Overall, advances in NIPU synthesis have demonstrated significant potential to address several limitations commonly associated with conventional PU materials. Nevertheless, the production of cyclic carbonates remains in the early stages of development and has yet to be scaled for industrial application. Additionally, improved control over WNIPU synthesis is necessary to prevent hydrolysis of cyclic carbonates during polymerization. A more comprehensive understanding of the chemical polymerization kinetics in hybrid NIPU systems is also essential for further progress. Finally, challenges related to foam formation—such as the requirement for elevated temperatures or reliance on external blowing agents—must be overcome to facilitate broader industrial adoption [139].
While dynamic covalent networks and reprocessable polyurethane systems offer promising pathways toward material circularity, it should be noted that most closed-loop recycling and reprocessing strategies reported to date remain at the laboratory or proof-of-concept level. The translation of these approaches to industrial-scale implementation faces several challenges, including process complexity, energy input, and long-term material performance. Ongoing efforts toward pilot-scale validation highlight both the potential and the remaining technical barriers associated with scalable closed-loop polyurethane systems.

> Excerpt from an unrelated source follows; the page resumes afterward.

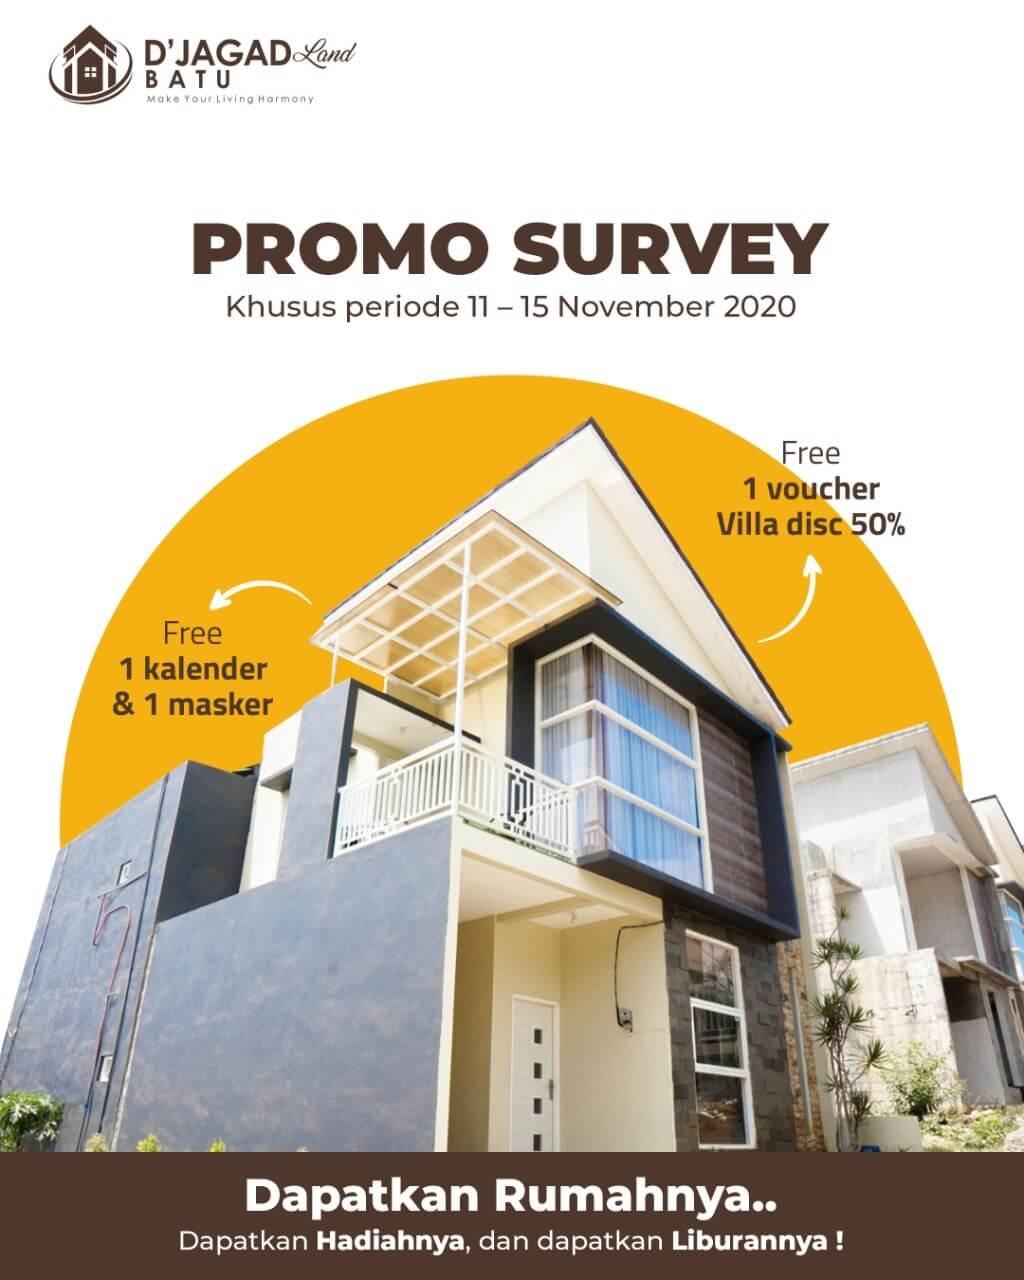 rumah syariah malang - rumah malang - rumah dijual malang - rumah dijual batu - promo survey bulan november 2020 - d'jagadland batu - davdigi

3. PU Closed-Loop Recycling from Monomer Recovery to Polymer Reprocessing

This section categorizes PU closed-loop recycling strategies into two major, complementary approaches. The first, chemical recycling, targets molecular-level closed-loop systems by selectively cleaving urethane and related bonds to recover polyols and amines (or isocyanate precursors), which can subsequently be reused for repolymerization (Section 3.1) [9]. In this context, various depolymerization pathways—including hydrolysis, acidolysis, aminolysis, and glycolysis—have been explored. Key parameters influencing process scalability include reaction selectivity, suppression of side reactions, purification efficiency, and the quality of recovered feedstocks [10].
The subsequent section focuses on recycling strategies based on dynamic covalent frameworks. Unlike complete bond scission, this approach enables reprocessability via bond-exchange reactions that rearrange the network topology while preserving the covalent backbone. By employing covalent adaptable network (CAN) designs, it becomes possible to simultaneously achieve the structural stability characteristic of thermosets and the reprocessability associated with thermoplastics (Section 3.2). In PU-CAN systems, transcarbamoylation of urethane linkages plays a central role, with either associative or dissociative mechanisms realized depending on the exchange pathway. These dynamic processes enable stress relaxation, reshaping, and ultimately extend the potential for foam-to-foam circular recycling [19].
Accordingly, this section integrates the complementary perspectives of depolymerization–repolymerization via monomer or feedstock recovery and network-preserving polymer reprocessing. In doing so, PU recycling is framed not merely as a matter of single-process optimization, but as a closed-loop platform in which material design, reaction mechanisms, and process engineering are systematically interconnected.
From a life-cycle and system-level sustainability perspective, the environmental relevance of closed-loop polyurethane recycling has been quantitatively evaluated through life cycle assessment (LCA) studies. For example, Marson et al. performed a comparative LCA of polyurethane foams produced using polyols obtained through glycolysis and those based on conventional virgin polyols [140]. Their results demonstrated that formulations containing 50–75% recycled polyol exhibited consistently lower environmental impacts across multiple categories, including climate change and fossil resource use. Specifically, reductions of approximately 15% in global warming potential and 17% in fossil resource use were reported compared with the reference virgin polyurethane foam, provided that key physical properties such as density and thermal conductivity were maintained. These findings suggest that dynamic, network-preserving recycling strategies can contribute not only to material circularity but also to measurable environmental benefits when appropriately implemented.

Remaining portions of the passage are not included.